[LLVMdev] git
jo at durchholz.org
jo at durchholz.org
Fri Jul 29 04:37:13 PDT 2011
> - git allows easy backtracking of decision points, allowing one to
> explore a line of development and then reformulate the set of commits
> made before actually sending them upstream to master. For me, it is
> more helpful to be able to just code up a feature and once it's
> working, go back and break out the individual patch sets into logical
> groups. I tend to poorly anticipate how a feature/fix should be
> presented to upstream before I've actually implemented it. git
> decouples those two activities.
This is actually one of the major points why I'm in the process of moving
my own (LLVM-unrelated) development process from svn to git.
Currently, I tend to break out small incremental changes to they're easier
to review, but this works only up to a certain point.
What happens is that I find I need some "enabler" change. Adding a data
structure to carry enough context to the place where my new code needs it.

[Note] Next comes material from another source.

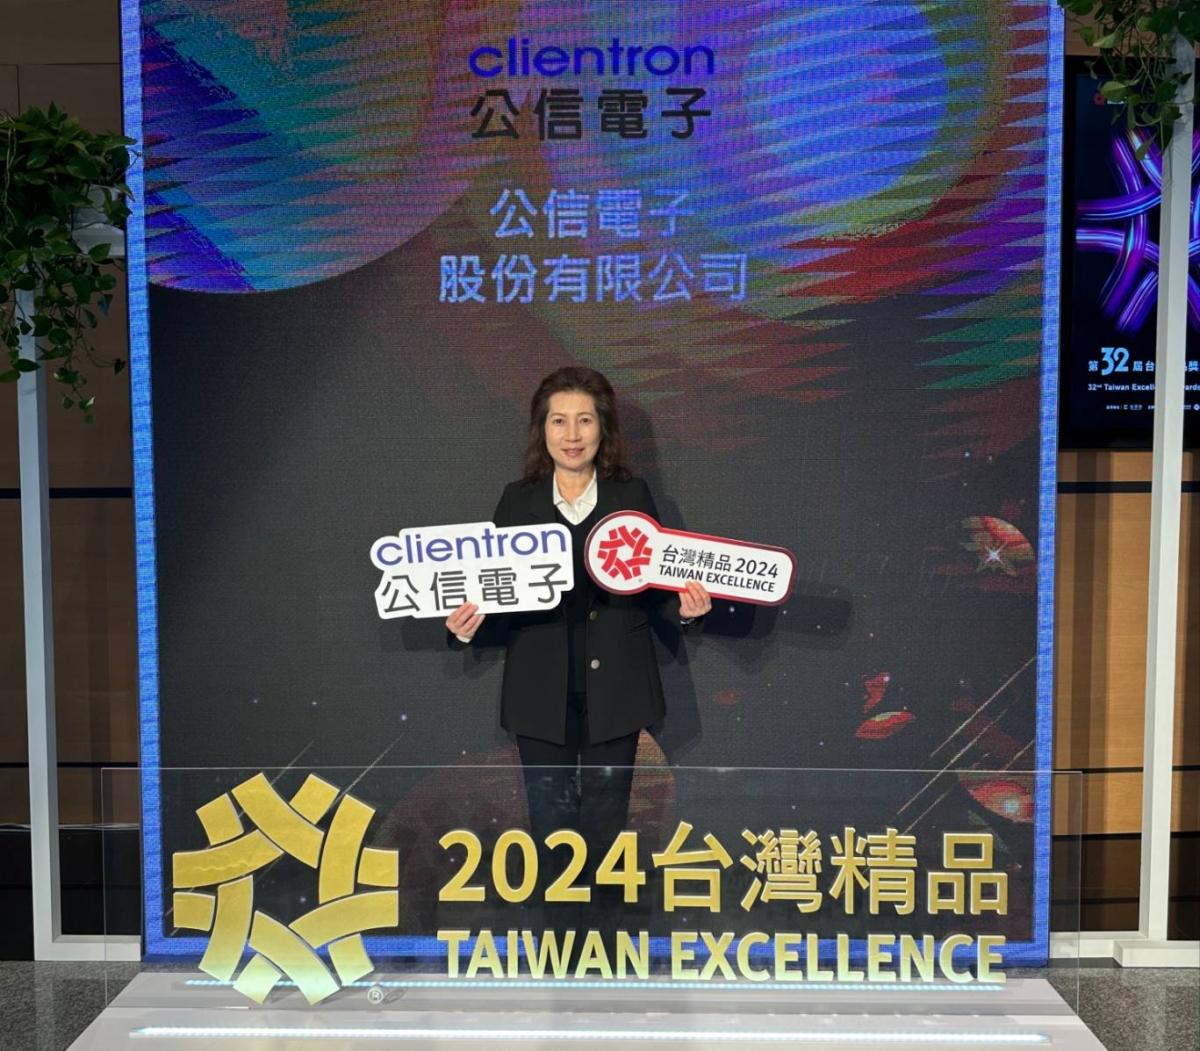 再度榮獲台灣精品獎肯定，公信電動車車載產品研發有成。
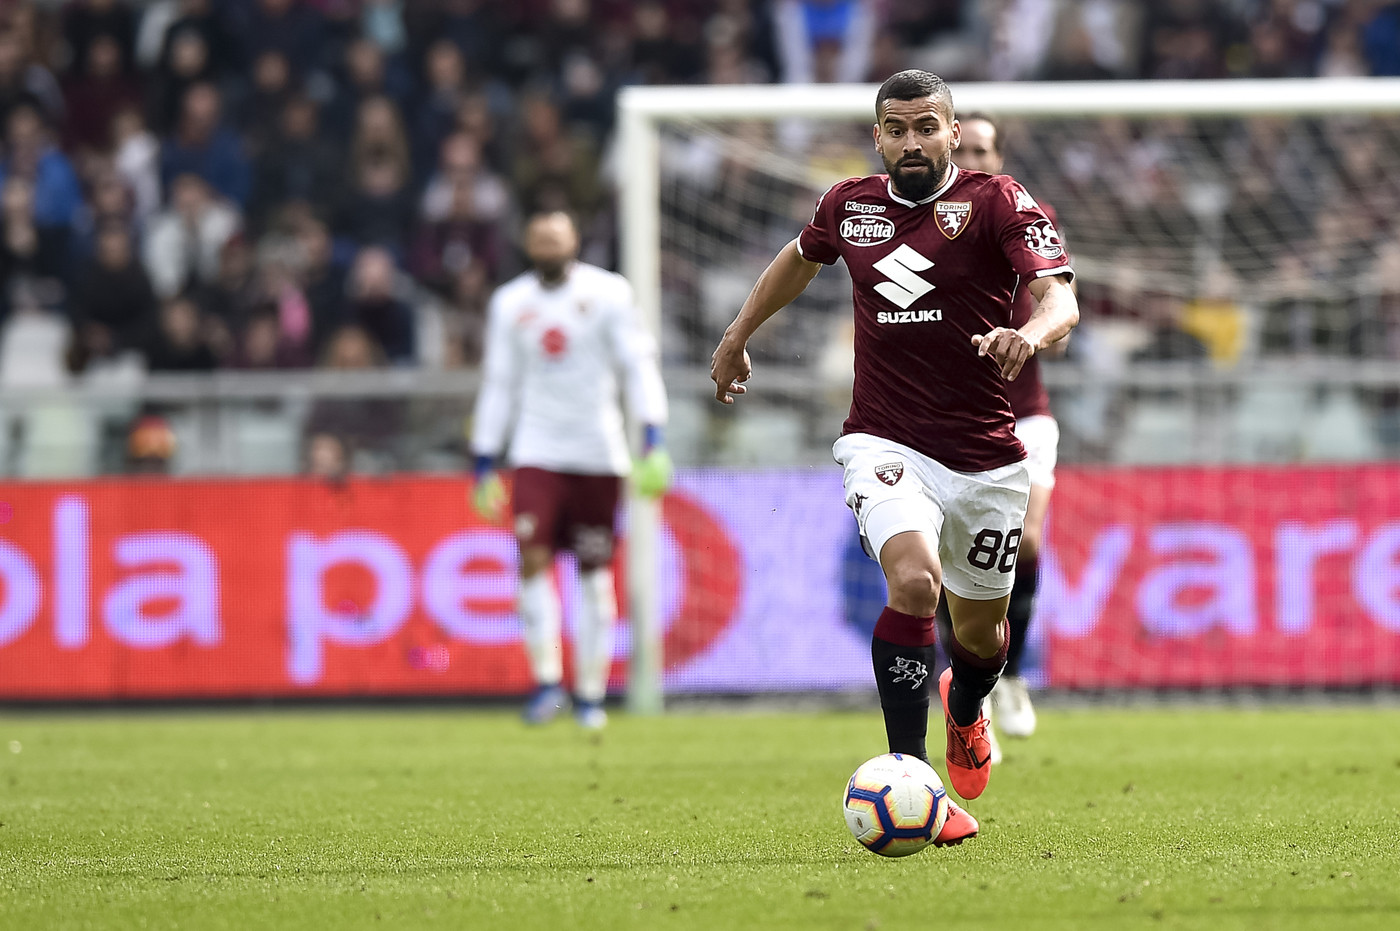 Serie A, Torino-Chievo 3-0 | Il fotoracconto

The other thing is "sideline work": while reviewing code for my change, I
find something unrelated that should really be fixed right away.
Low-hanging fruit and such.
I commit enablers and sideline changes, but I find I can't do so if there
is already main-task work done in that file.
With git, I can single out individual changes in a file and send them off
as a preparatory commit.
With SVN, I have to set up a separate workdir, start the IDE, do the
change, and commit it; then merge it back into my mainline workdir. That's
so much more work that it disrupts the flow of work, so I don't do it and
end with a jumble of unrelated changes in a single patch.
Anybody I'd be sending the patch to would probably reject it as "too many
unrelated changes". I'd probably end up redoing any change twice: once
just to get a clean base, then doing it "right" as a series of
individually applicable small patches.
Which is raising the entry barrier for contributing to LLVM considerably.
At least for people with a workflow similar to mine.